Flavonoids and carotenoids with rich structural diversity are ubiquitously present in the plant kingdom. Flavonoids, and especially their glycosides, are more hydrophilic than most carotenoids. The interaction of flavonoids with carotenoids occurs accordingly at water/lipid interfaces and has been found important for the functions of flavonoids as antioxidants in the water phase and especially for the function of carotenoids as antioxidants in the lipid phase. Based on real-time kinetic methods for the fast reactions between (iso)flavonoids and radicals of carotenoids, antioxidant synergism during protection of unsaturated lipids has been found to depend on: (i) the appropriate distribution of (iso)flavonoids at water/lipid interface, (ii) the difference between the oxidation potentials of (iso)flavonoid and carotenoid and, (iii) the presence of electron-withdrawing groups in the carotenoid for facile electron transfer. For some (unfavorable) combinations of (iso)flavonoids and carotenoids, antioxidant synergism is replaced by antagonism, despite large potential differences. For contact with the lipid phase, the lipid/water partition coefficient is of importance as a macroscopic property for the flavonoids, while intramolecular rotation towards coplanarity upon oxidation by the carotenoid radical cation has been identified by quantum mechanical calculations to be an important microscopic property. For carotenoids, anchoring in water/lipid interface by hydrophilic groups allow the carotenoids to serve as molecular wiring across membranes for electron transport.

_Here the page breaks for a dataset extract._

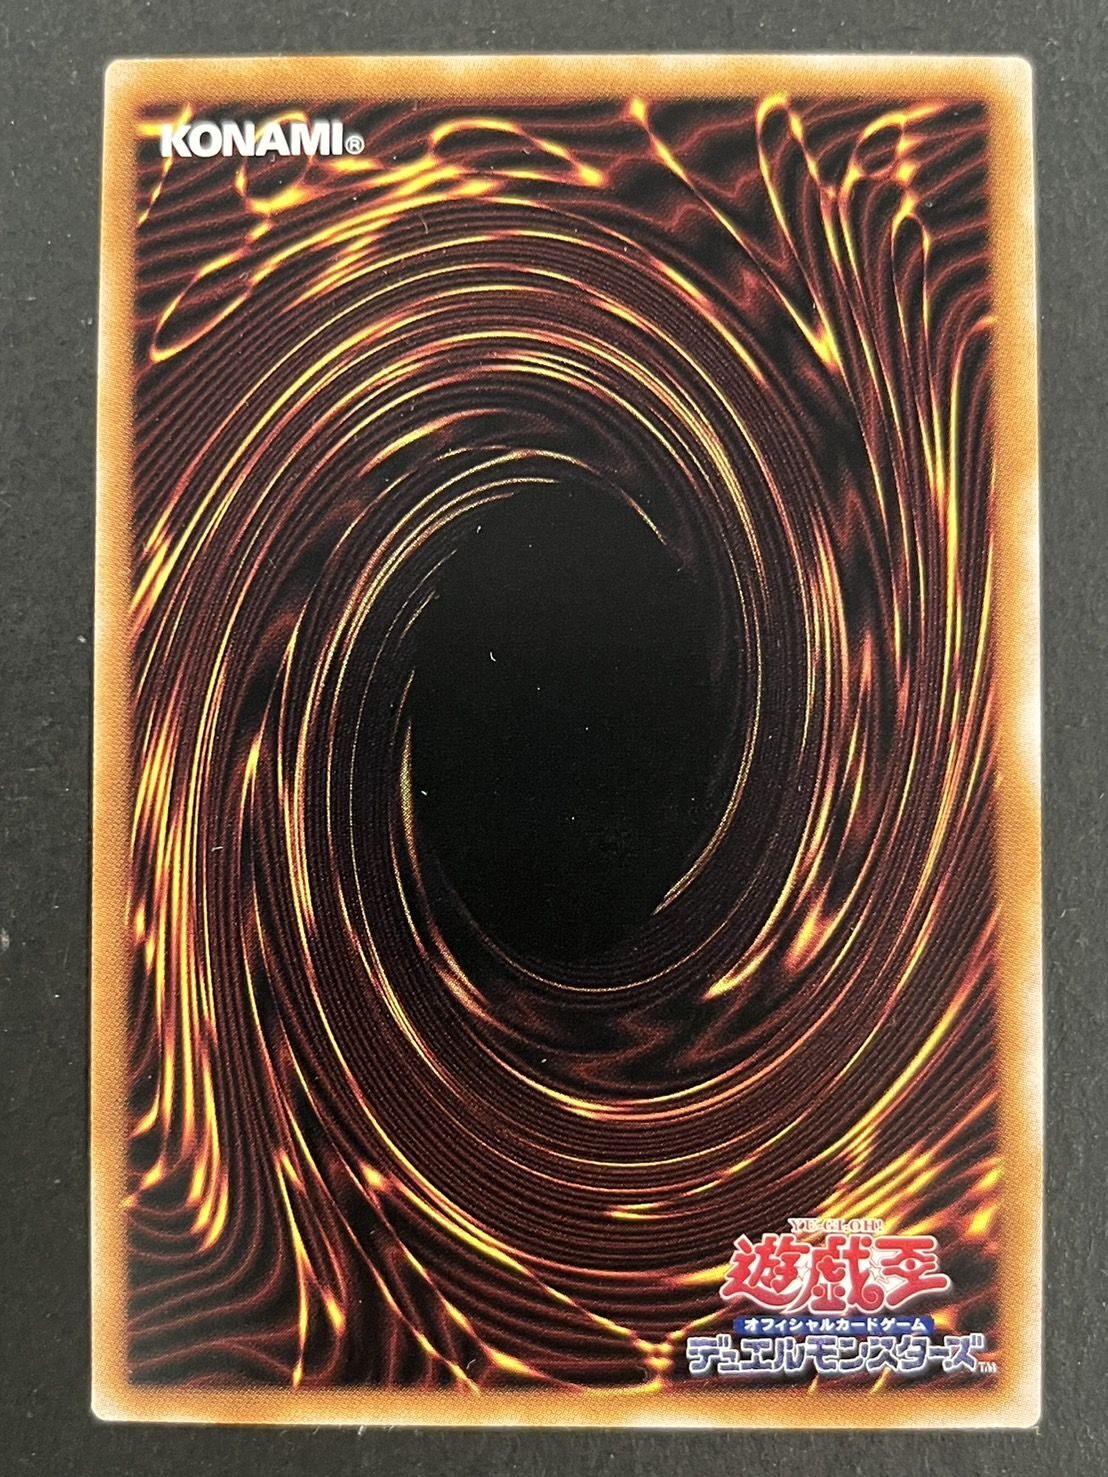 『トークンあり』side:UNITYスペシャルカードセット(ブラックマジシャン&ブラックマジシャンガール)【-】{-}《その他》
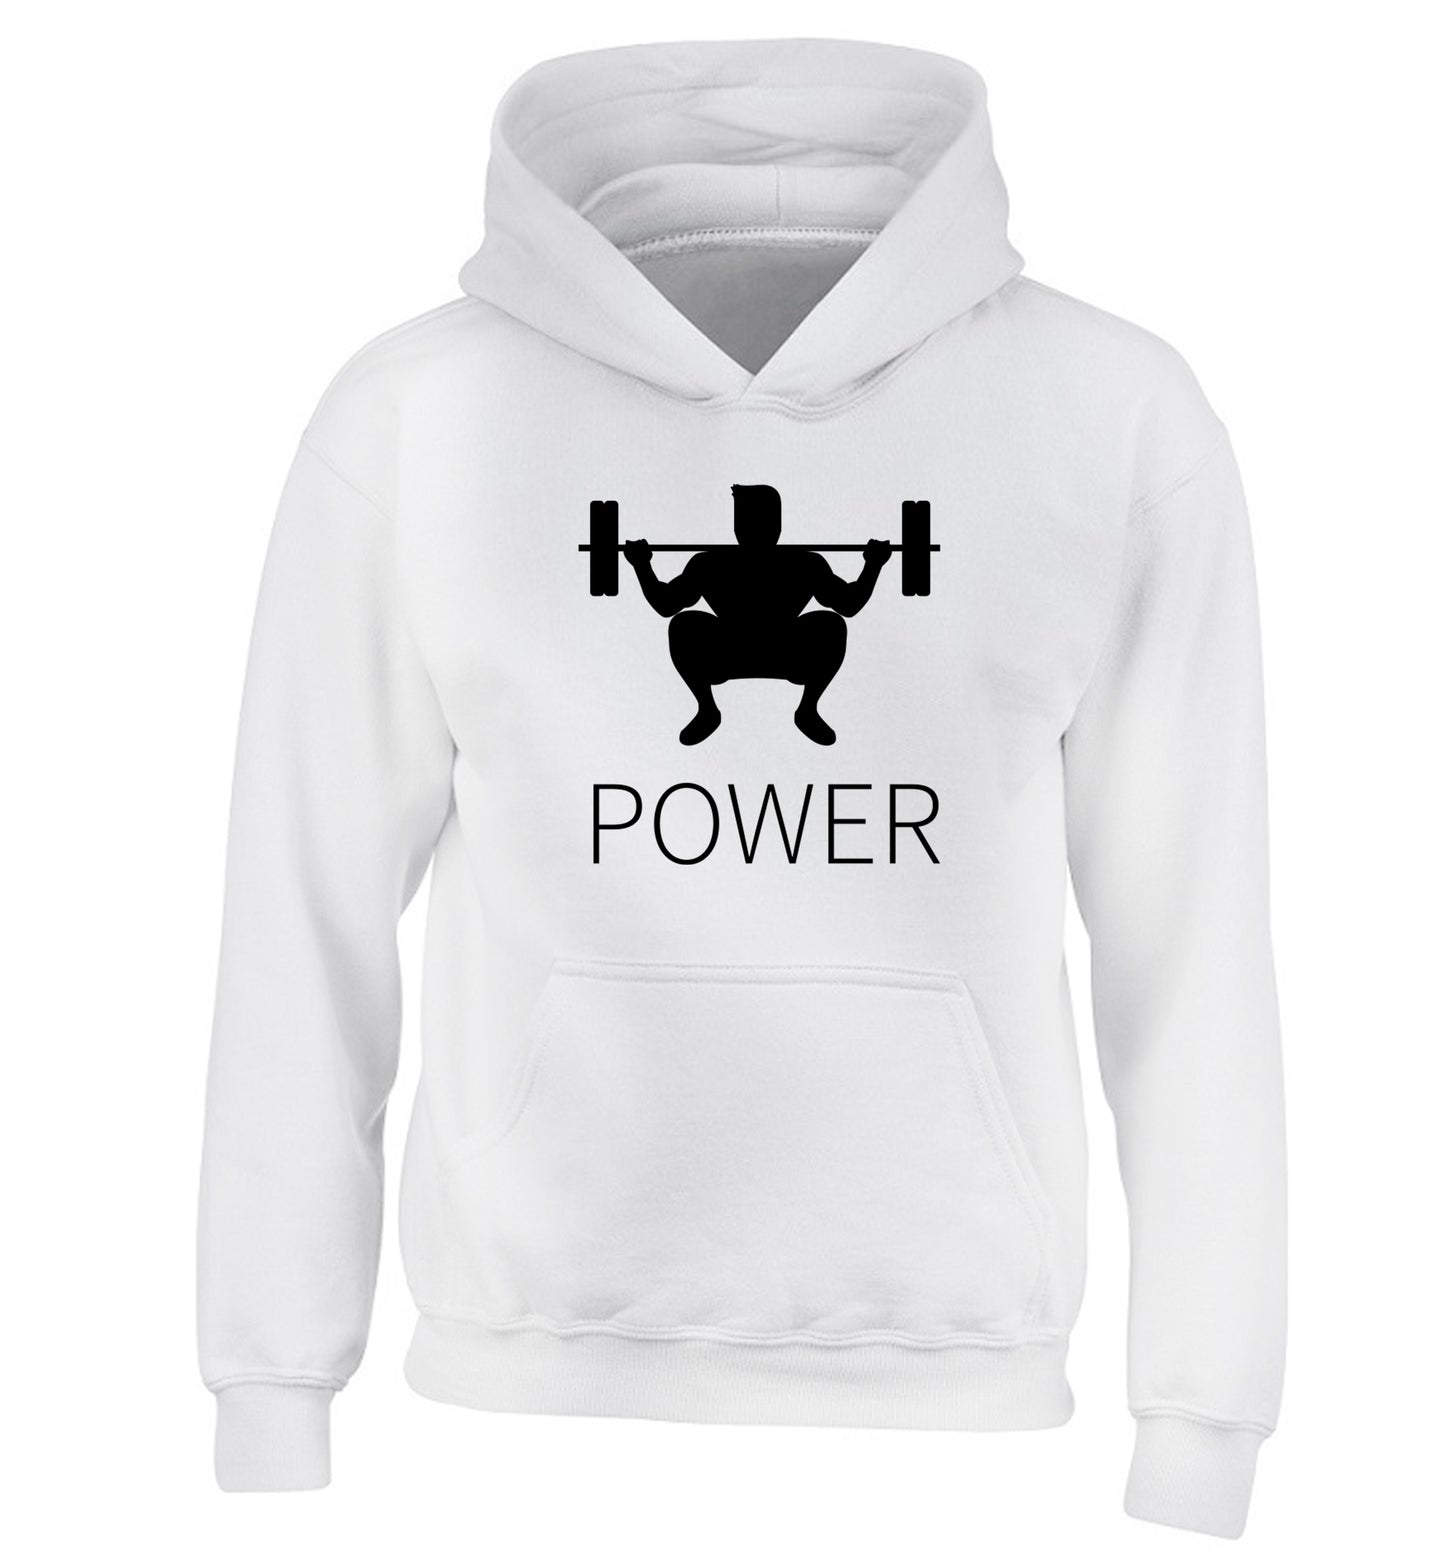 Lift power children's white hoodie 12-13 Years

Chain length effects in isoflavonoid daidzein alkoxy derivatives as antioxidants: a quantum mechanical approach

Daidzein, an isoflavonoid with known prooxidative effects in heterogeneous lipid/water systems, changes to an antioxidant for 7-n-alkoxy derivatives of daidzein. For an alkyl length increasing from 4 to 8, 12, and 16 carbons, the oxidation potential decreases gradually from 1.09 V (vs NHE) for daidzein (D) to 0.94 V for D16 in tetrahydrofuran as determined by cyclic voltammetry at 25 °C. The prooxidative effects transform into antioxidative effects from D8 with a maximal effect for D12 for aqueous phase initiation of lipid oxidation in liposomes despite a gradual decrease in Trolox equivalent antioxidant capacity (TEAC) with increasing alkyl chain length. Quantum mechanical calculations using density functional theory (DFT) showed that the bond dissociation energy of the O-H bond of the 4'-phenol is constant along the homologue series in contrast to Δμ, the change in dipole moment upon hydrogen atom donation, which increases for increasing chain length. The frontier orbital energy gap goes through a maximum for D12. The change in the A-to-B dihedral angle upon hydrogen atom donation further shows a maximum for D12 of 6.45°. The importance of these microscopic properties for antioxidative activity was confirmed by a change in liposome fluorescence anisotropy using a fluorescent probe showing maximal penetration into the lipid bilayer for D12 along the homologue series.

Comparison of flavonoids and isoflavonoids as antioxidants

The isoflavonoid genistein was found to be a better antioxidant than the isomeric flavonoid apigenin in phosphatidyl liposomes at pH 7.4. The higher antioxidation activity of genistein compared with apigenin is in agreement with its lower oxidation potential (0.73 vs 0.86 V as determined by cyclic voltammetry in aqueous solution of pH= 7.4), lower dissociation enthalpy (87.03 vs 87.88 kcal mol(-1) as calculated for the more reducing 4'-hydroxyl group), and higher radical scavenging capacity in the TEAC assay. On the basis of quantum mechanical calculations for genistein and apigenin in comparison with the flavonoid naringenin and the isoflavonoids puerarin, daidzein, and equol, a lower dipole moment and a larger deviation for the A-to-B dihedral angle from coplanarity (39.3 degrees for genistein, 18.5 degrees for apigenin) are suggested to be important for the increased antioxidant efficiency at water/lipid interfaces among (iso) flavonoids with an equal number of phenolic groups.